Red Hat has published the results of its recent survey that raises a number of major concerns about security. In the report, it highlighted that:
67% of organizations have reported delaying or slowing down deployments due to Kubernetes security concerns
37% Experienced revenue or customer loss due to a container/Kubernetes security incident.
In my opinion, there are a number of reasons why this might be happening:
- Kubernetes security is often perceived as complex because it is indeed a complex platform with a lot of moving parts.
- This complexity makes it difficult to secure every aspect of the platform.
- Kubernetes is constantly evolving. This means that security best practices can quickly become outdated.
The Importance of Backup and Recovery and Why Should You Care?
As noted above with 37% having experienced a security incident, Kubernetes is a popular target for attackers. Kubernetes is used by many organizations across all sectors and industries, and it is increasingly often used to host critical applications.
Backup and recovery are essential for any organization that uses Kubernetes.

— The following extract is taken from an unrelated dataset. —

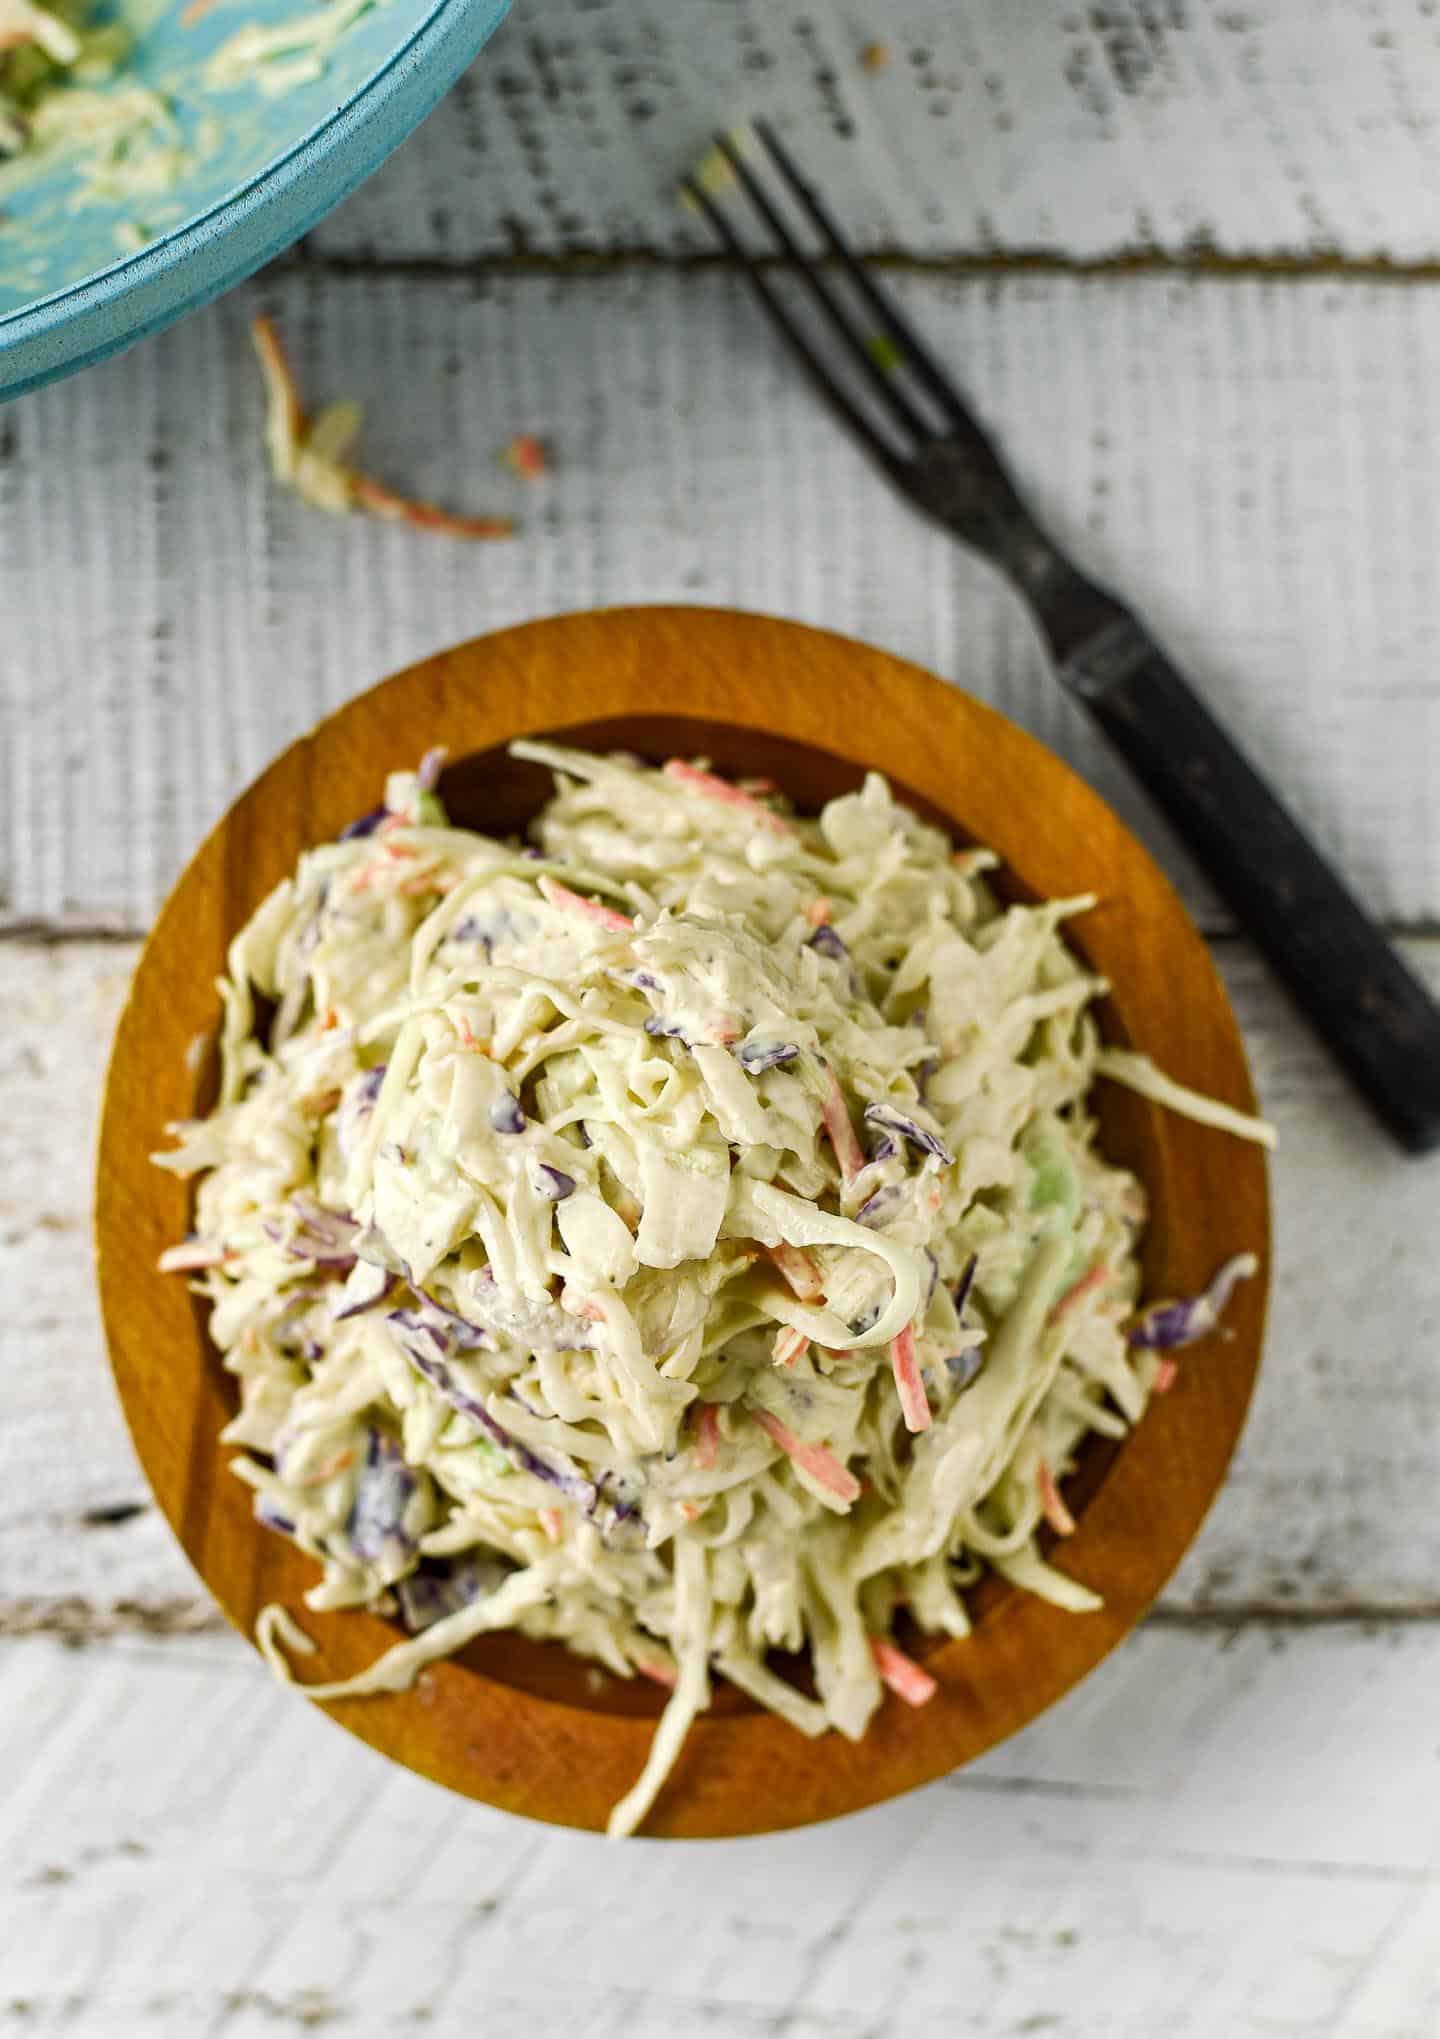 Easy Vegan Coleslaw is creamy, delicious, and so easy to make. Made in one bowl with 5 ingredients, it's perfect for BBQs, picnics, and summer potlucks! Oil-free, gluten-free, and healthy.

It is insurance against attacks. A good backup and recovery plan can help organizations recover from a variety of security events, including ransomware attacks, site outages, and data breaches.

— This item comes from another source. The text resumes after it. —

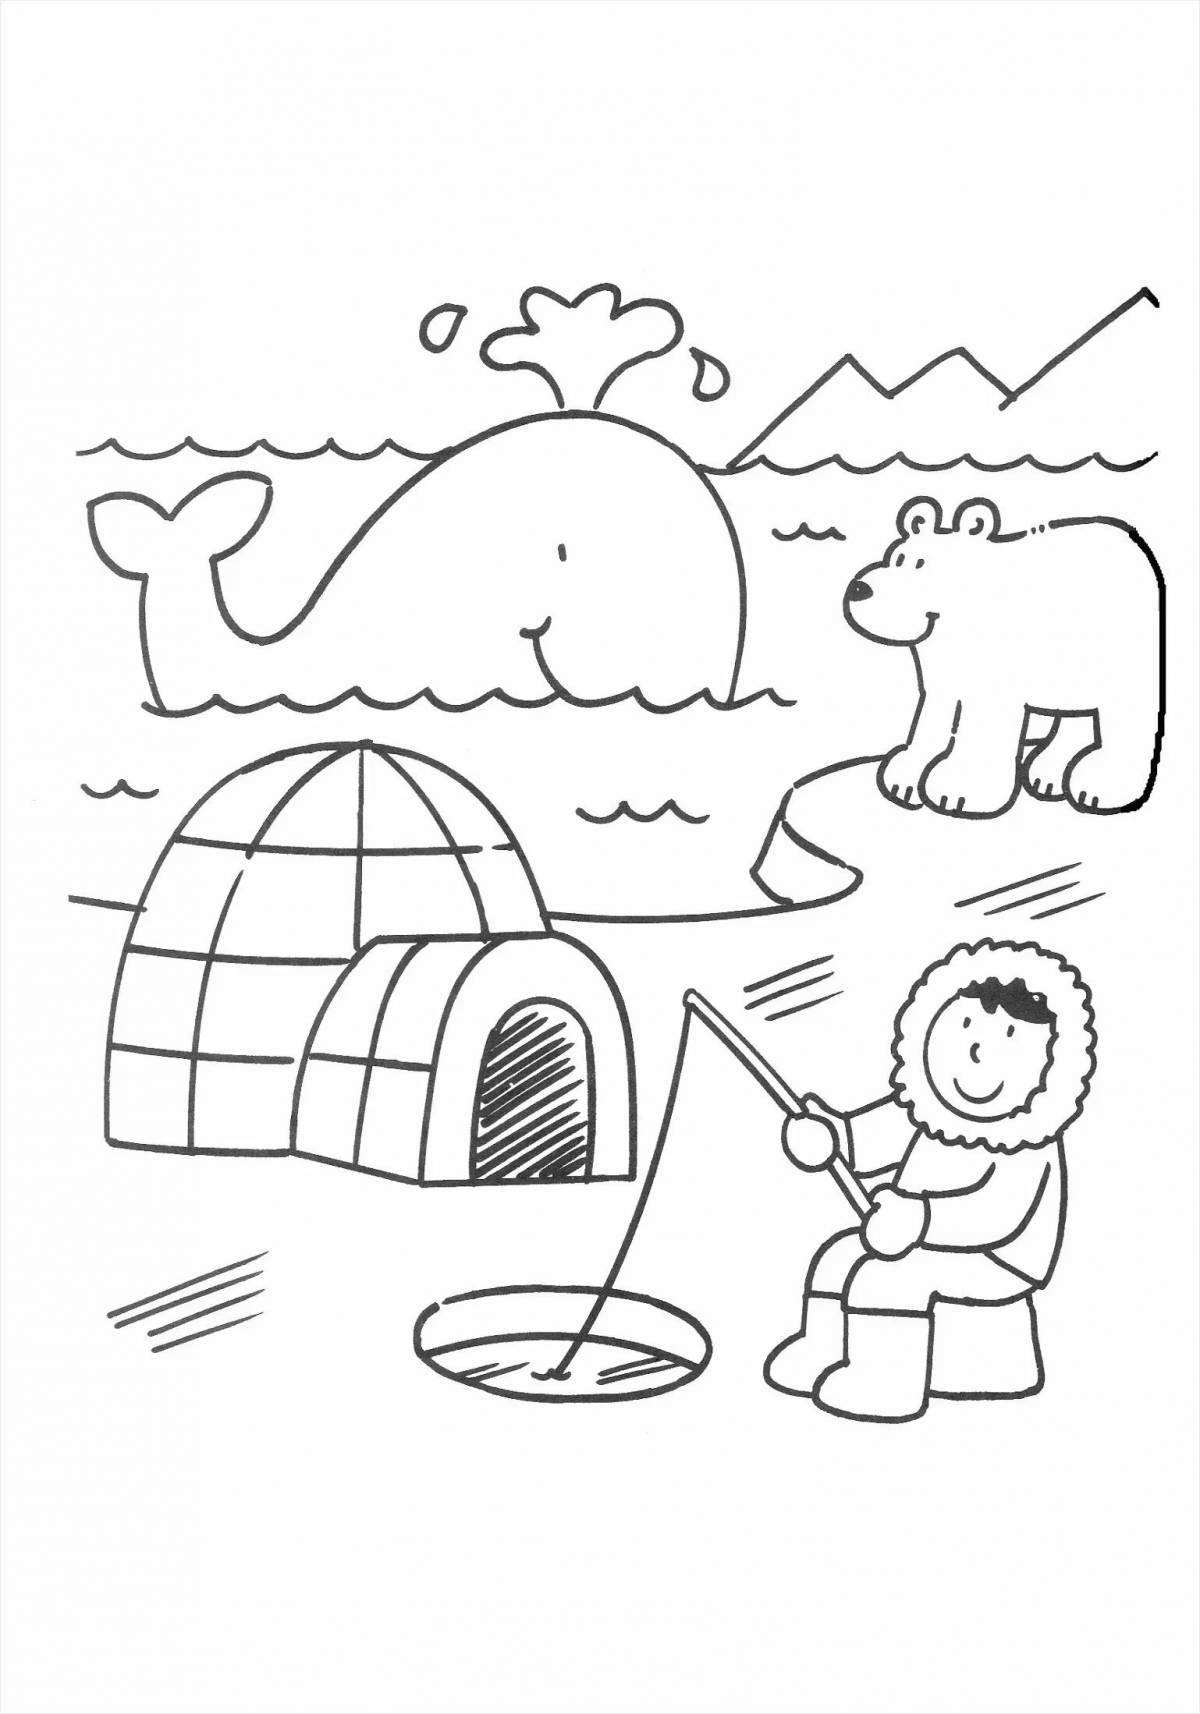 Shiny north pole coloring book for kids

Unfortunately, in the survey, 35% of respondents said their existing container and Kubernetes security solution slow down development, which perhaps explains that people are unable to fully test their solutions before meeting production deadlines. To make things worse, an alarming 45% of respondents experienced a misconfiguration incident.

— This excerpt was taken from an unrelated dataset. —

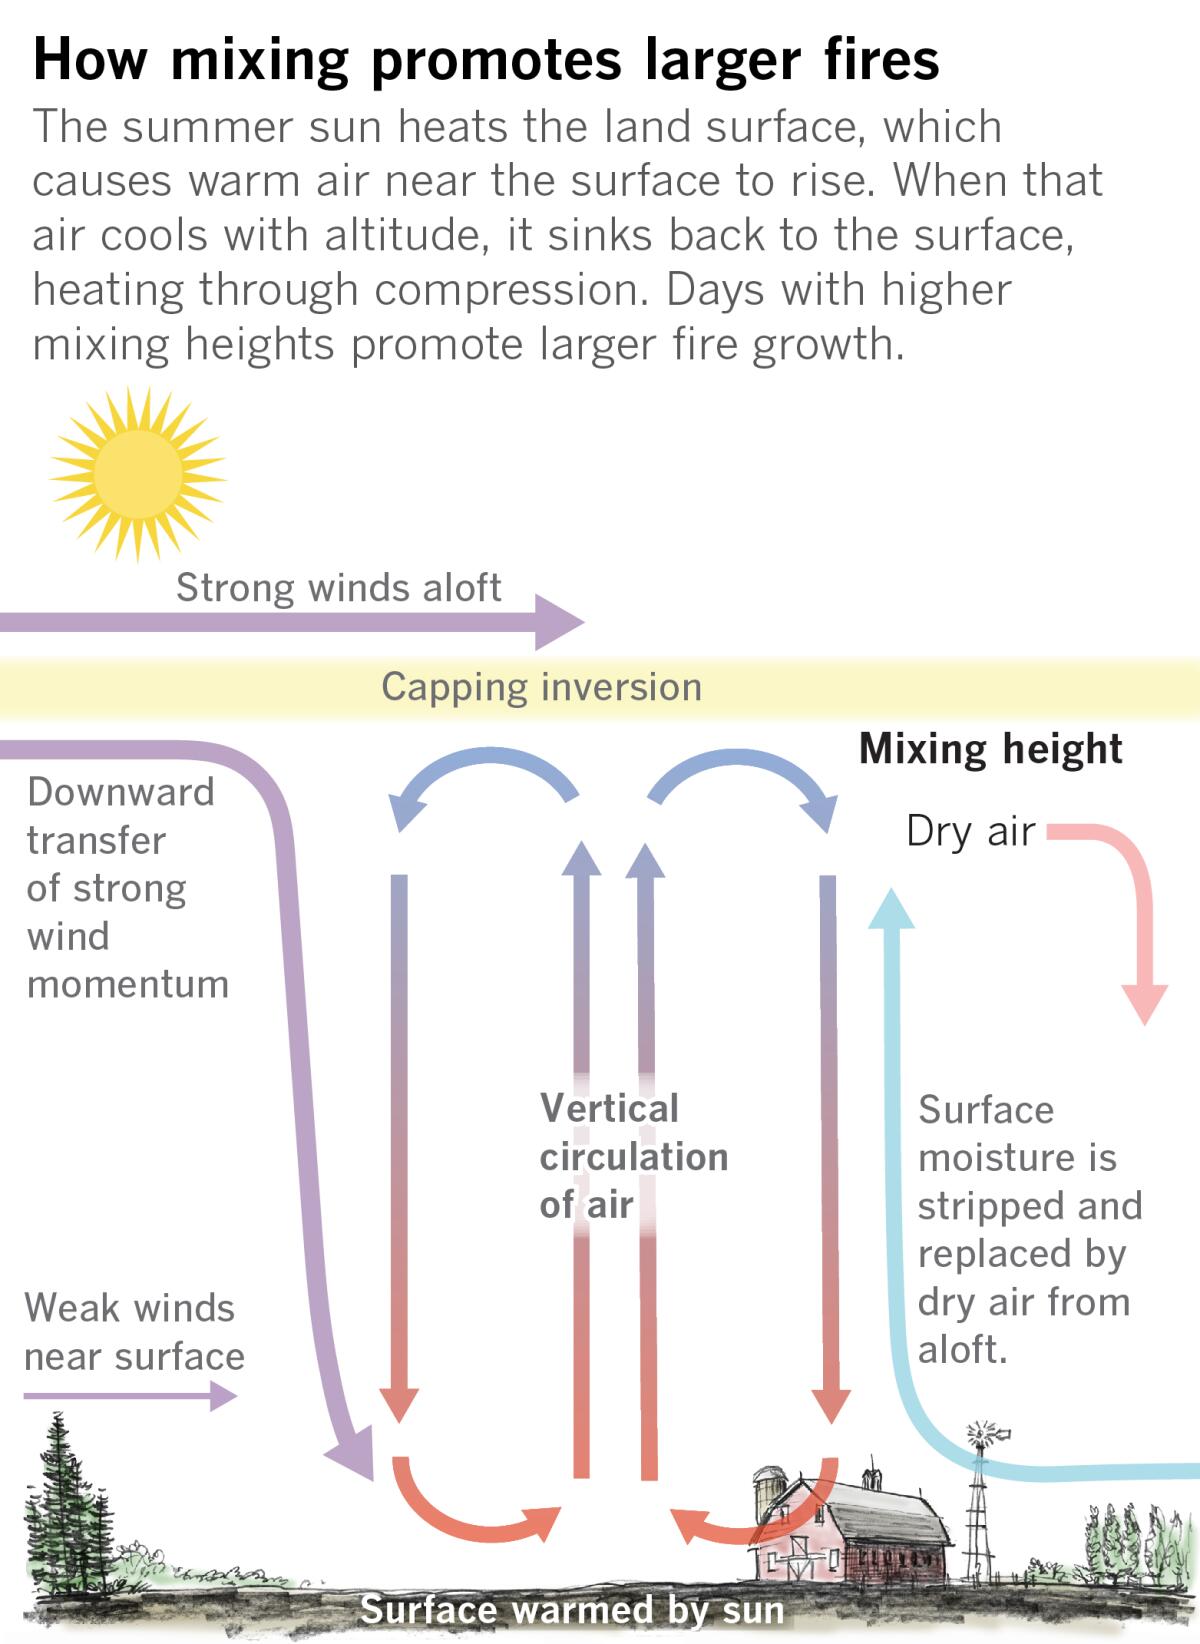 Explainer of how high mixing height promotes larger fires.

At Trilio, we understand the challenges that people face when developing applications for Kubernetes and it is why we developed a backup tool to provide an intelligent recovery specifically for Kubernetes and OpenShift clusters.
The survey continues to report that due to misconfiguration:
40% of users are worried about ransomware
38% of users are worried about exposure to sensitive data
34% of users are worried about data deletion
Trilio offers a cloud-native Kubernetes and fully certified Red Hat Operator that includes additional discovery, backup, and recovery tools as part of the standard NIST (National Institute of Standards and Technology) framework, empowering users and administrators with the ability to:
- Natively protect applications that are trusted, encrypted, and available as immutable backups
- Reduce recovery times during a security incident (RTO) utilizing Trilio’s Continuous Restore technology
- Provide point-in-time inspection of misconfiguration by allowing users to compare backup data to the expected running state of an application
Final thoughts
Like other enterprise-class solutions, Kubernetes security is a complex and ever-evolving topic. However, organizations should not take shortcuts and always consider implementing a backup and recovery solution for Kubernetes as part of any deployment. A modern backup and recovery plan can help organizations recover from a variety of security events, including ransomware attacks, site outages, and data breaches.